### What you should do
Every line of the listing below should be written out exactly, minus its pictures.

### Provided data
Segment Open
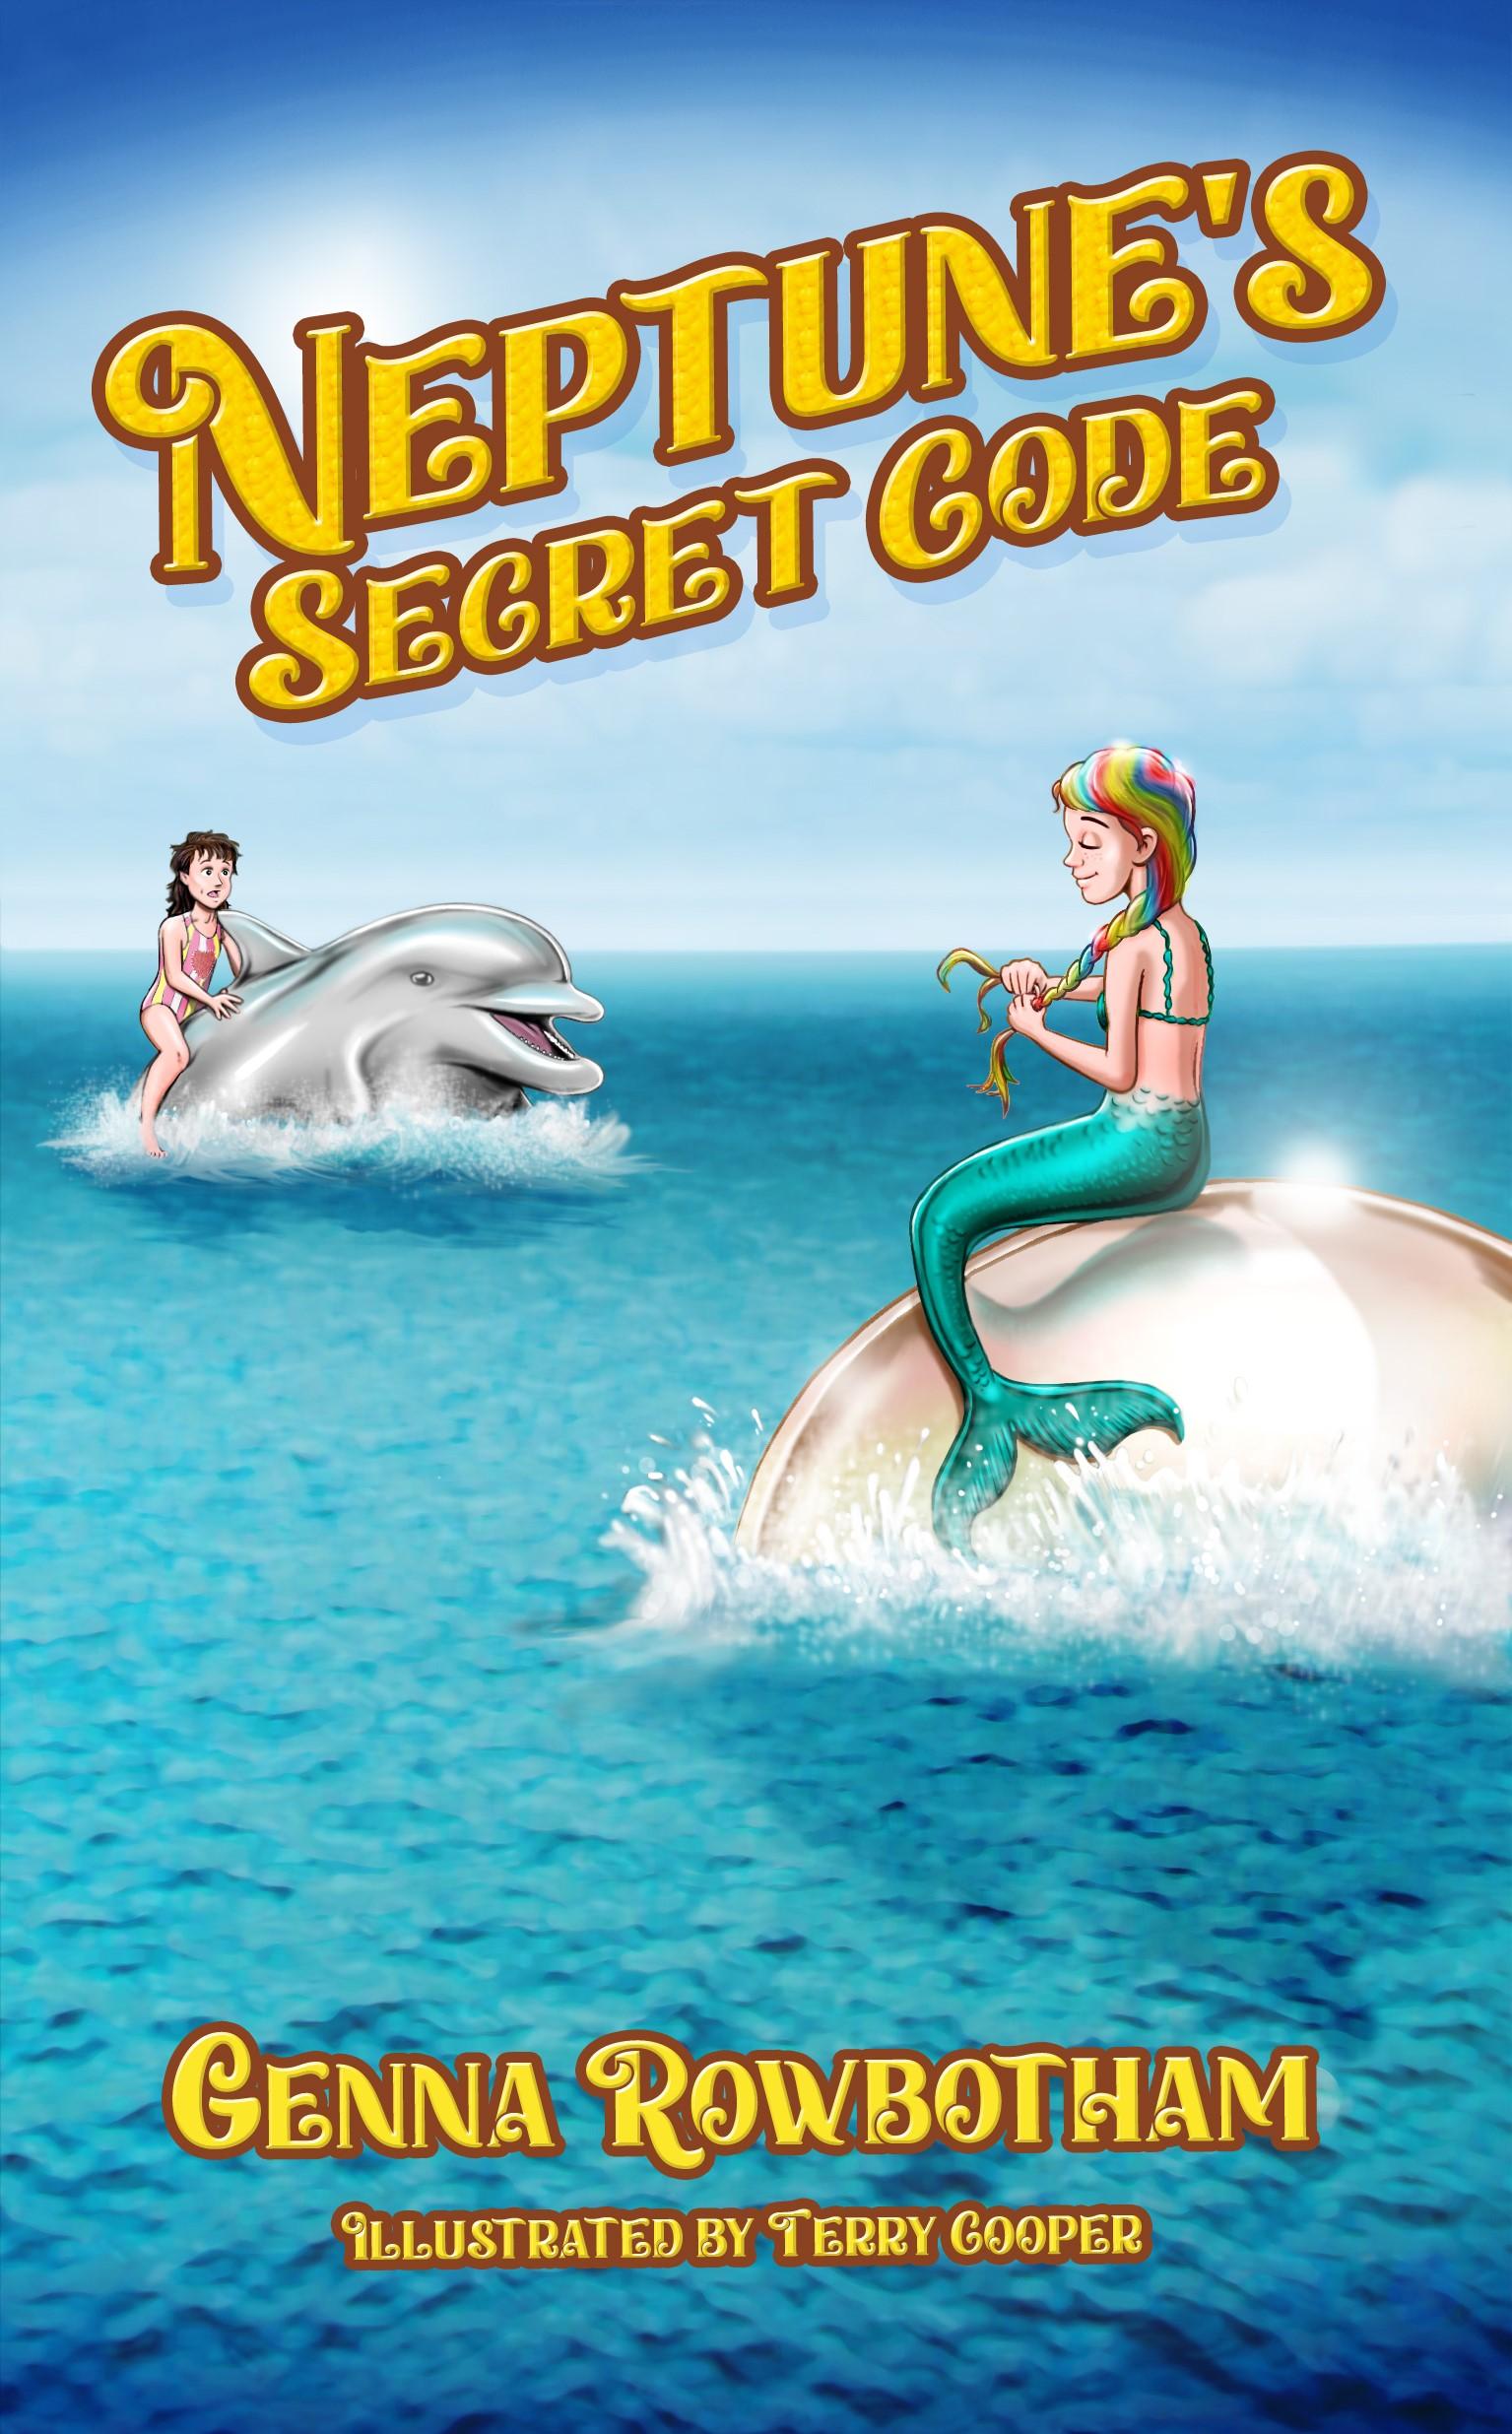 Neptune's Secret Code
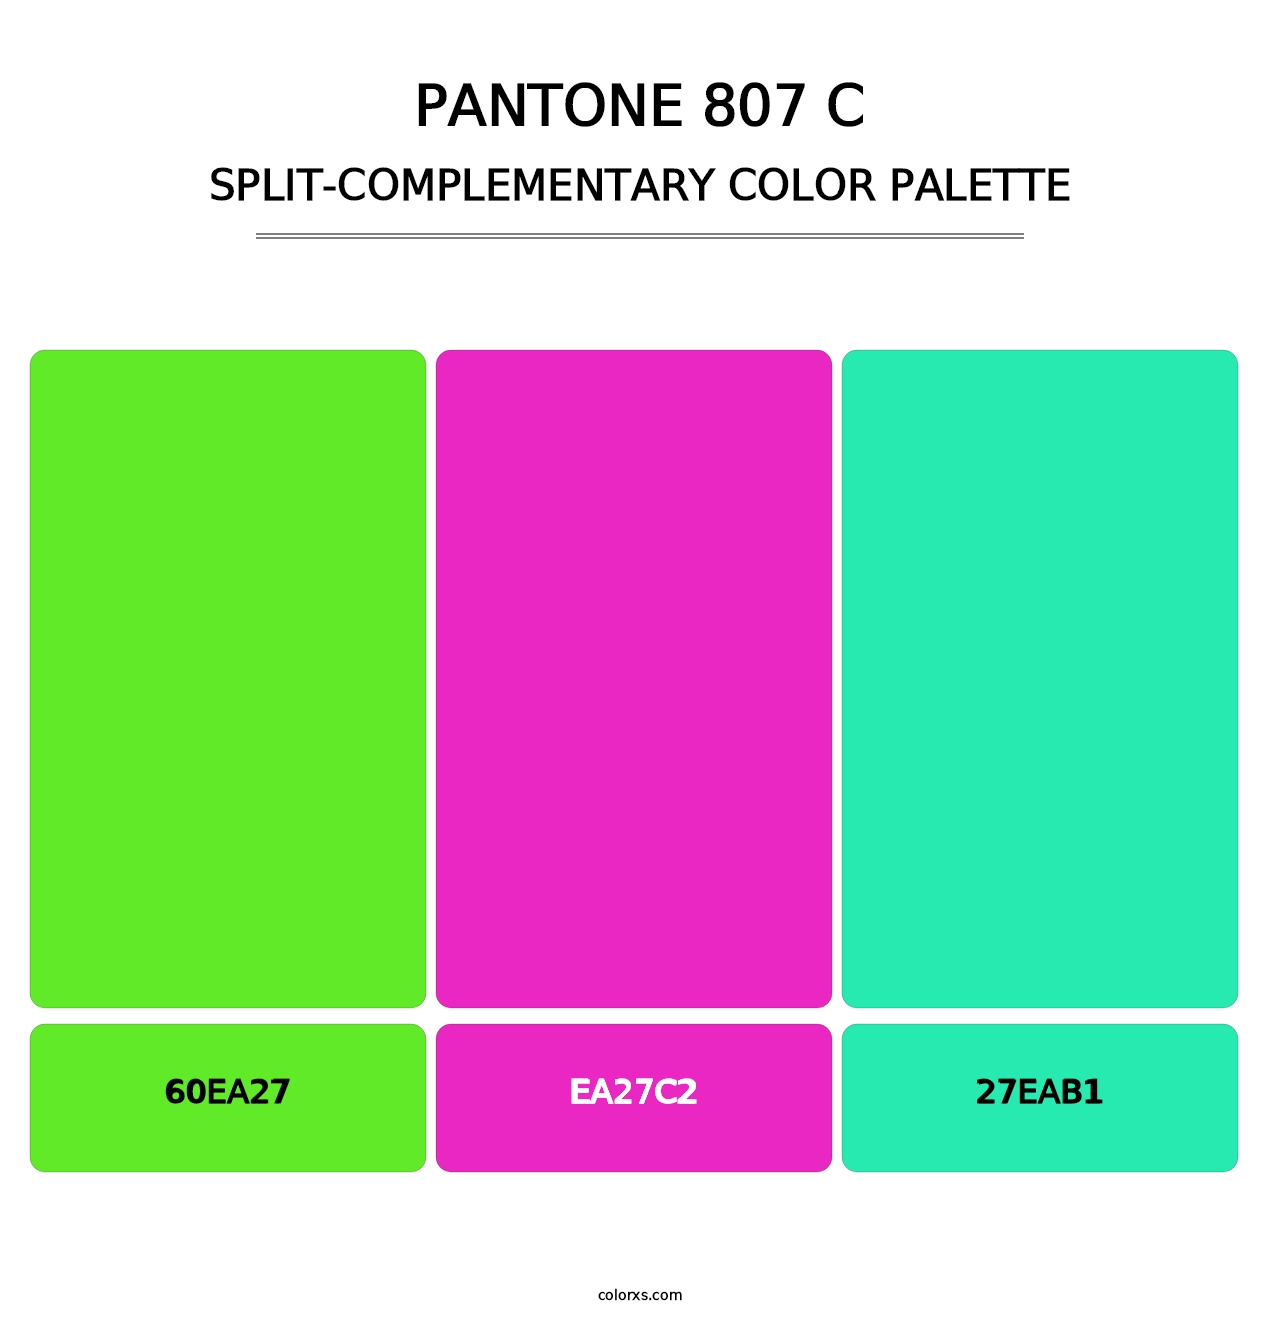 PANTONE 807 C - Split-Complementary Color Palette
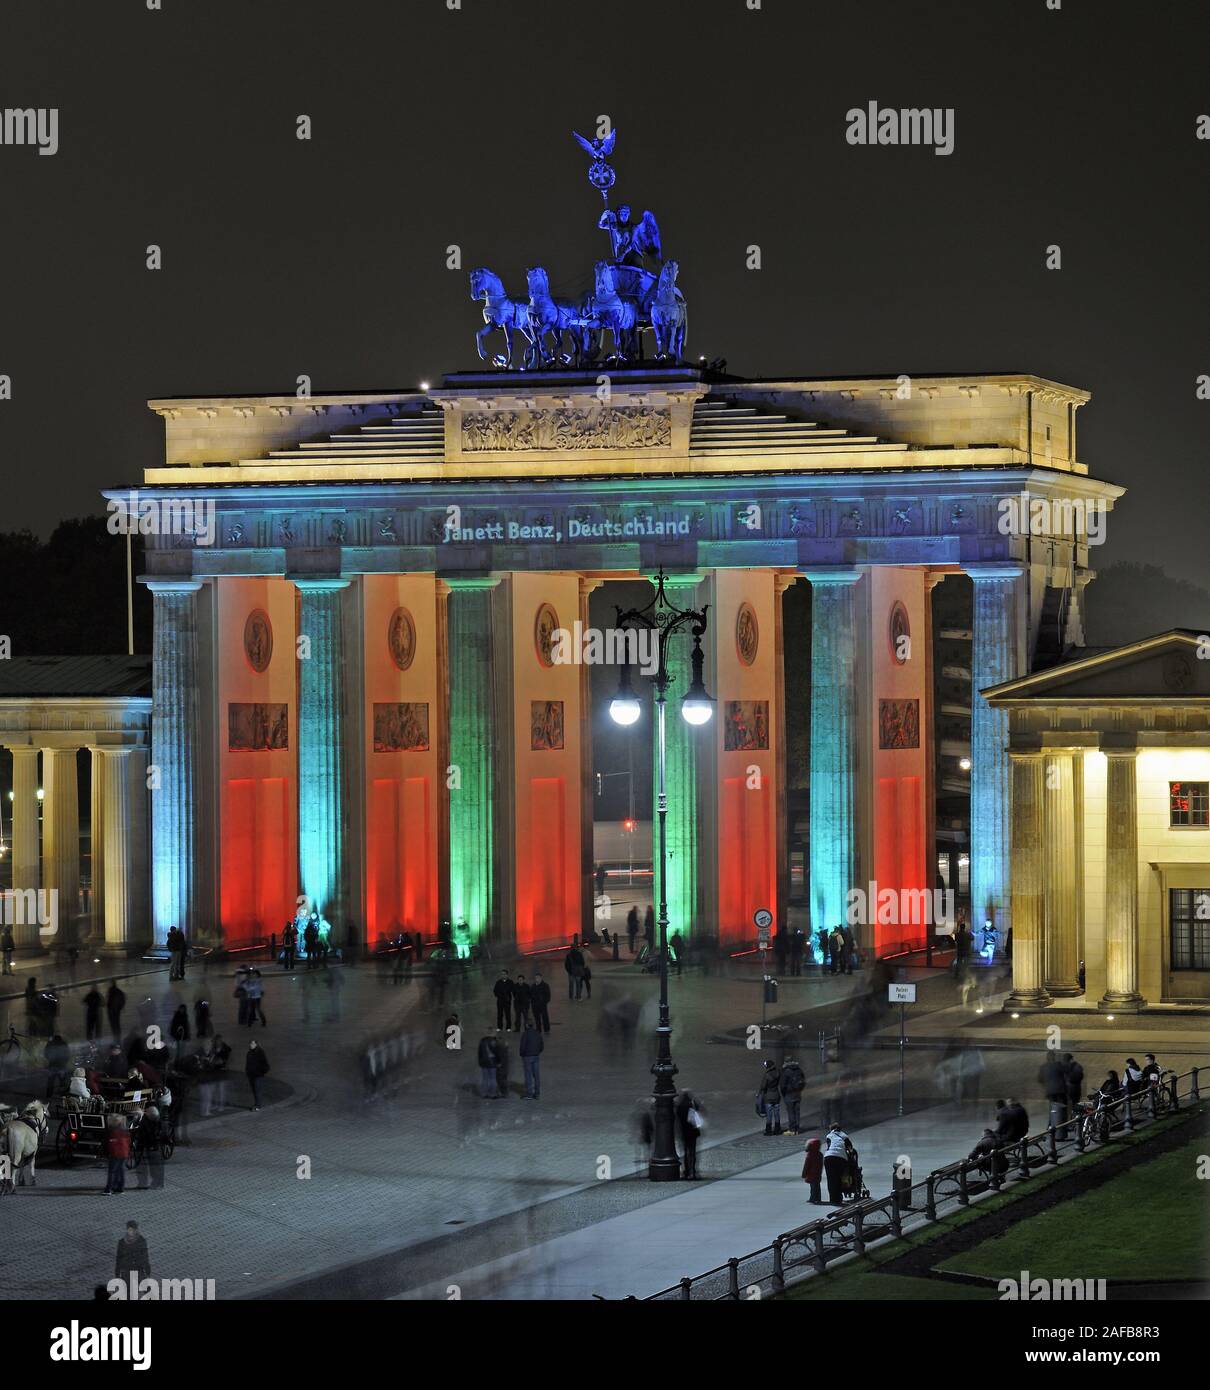 Brandenburger Tor am Pariser Platz, Berlin, Deutschland, Europa, illuminiert zum Festival of Lights 2009 Stock Photo
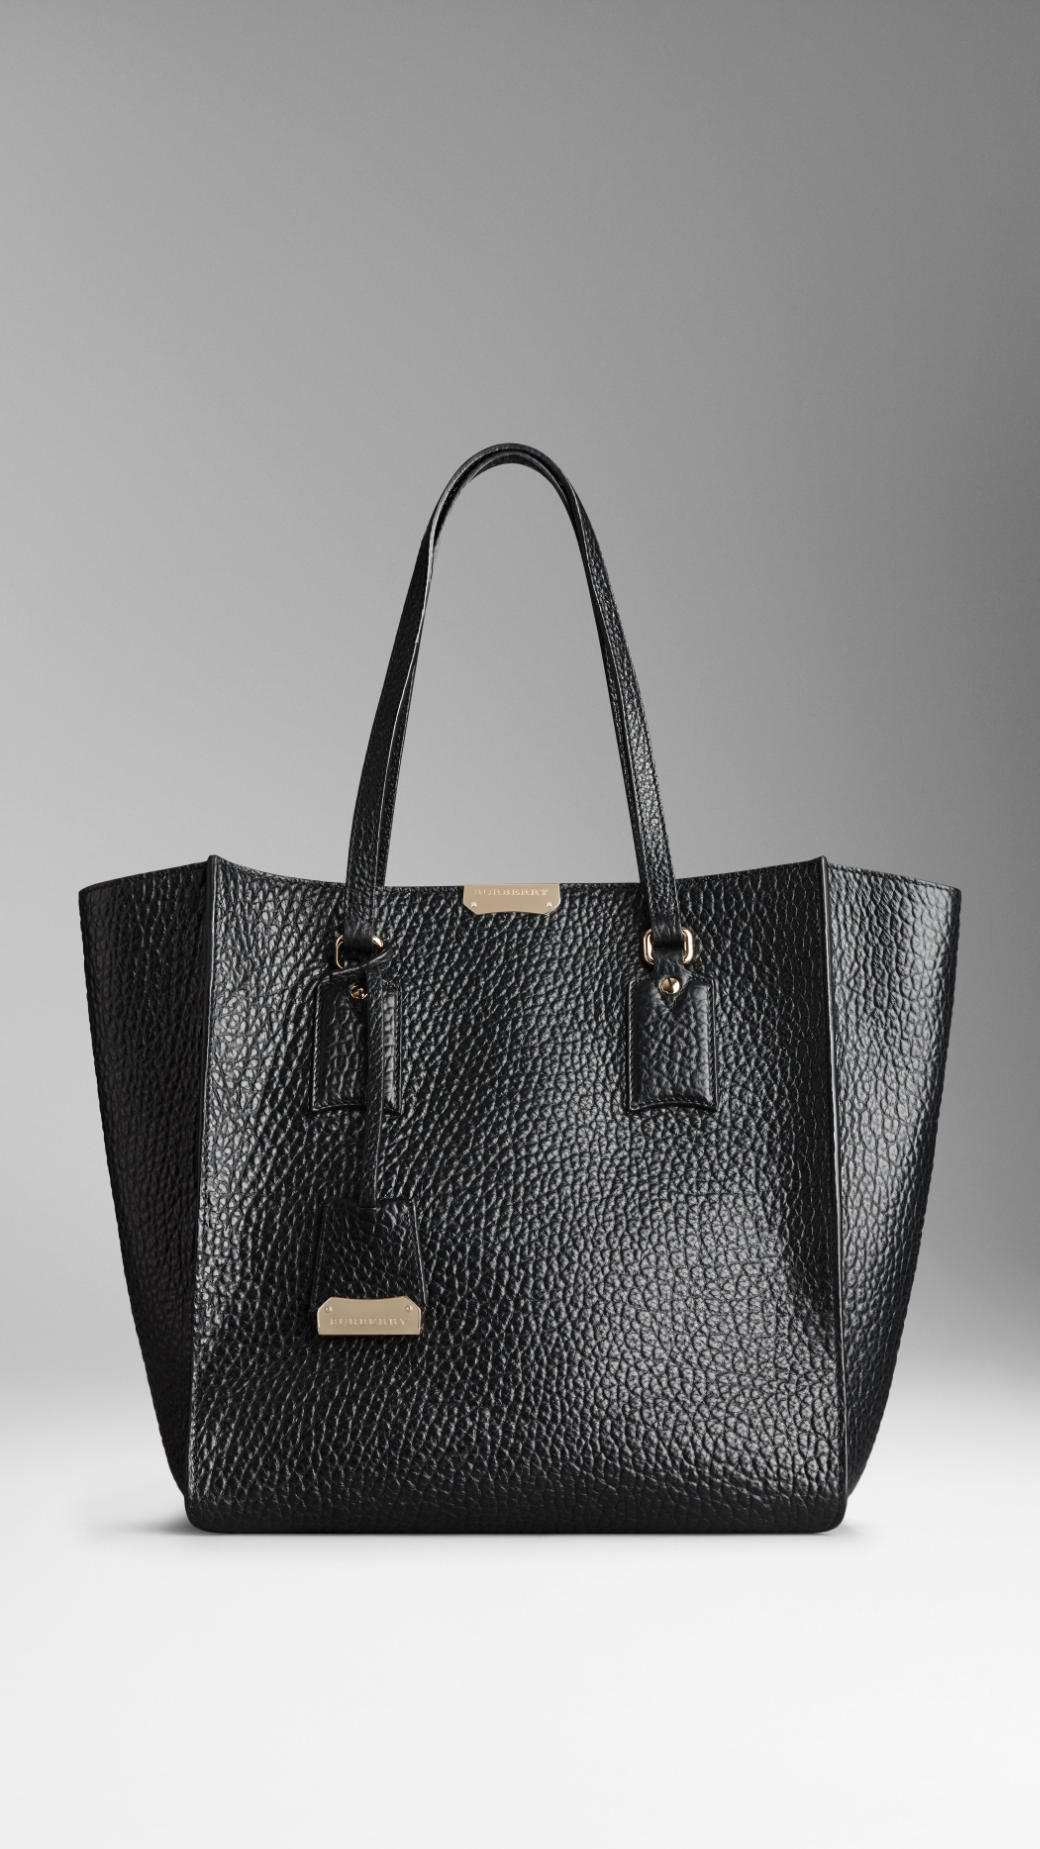 Lyst - Burberry Medium Signature Grain Leather Tote Bag in Black
Segment Closed
### Reply
 Neptune's Secret Code
 PANTONE 807 C - Split-Complementary Color Palette
 Brandenburger Tor am Pariser Platz, Berlin, Deutschland, Europa, illuminiert zum Festival of Lights 2009 Stock Photo
 Lyst - Burberry Medium Signature Grain Leather Tote Bag in Black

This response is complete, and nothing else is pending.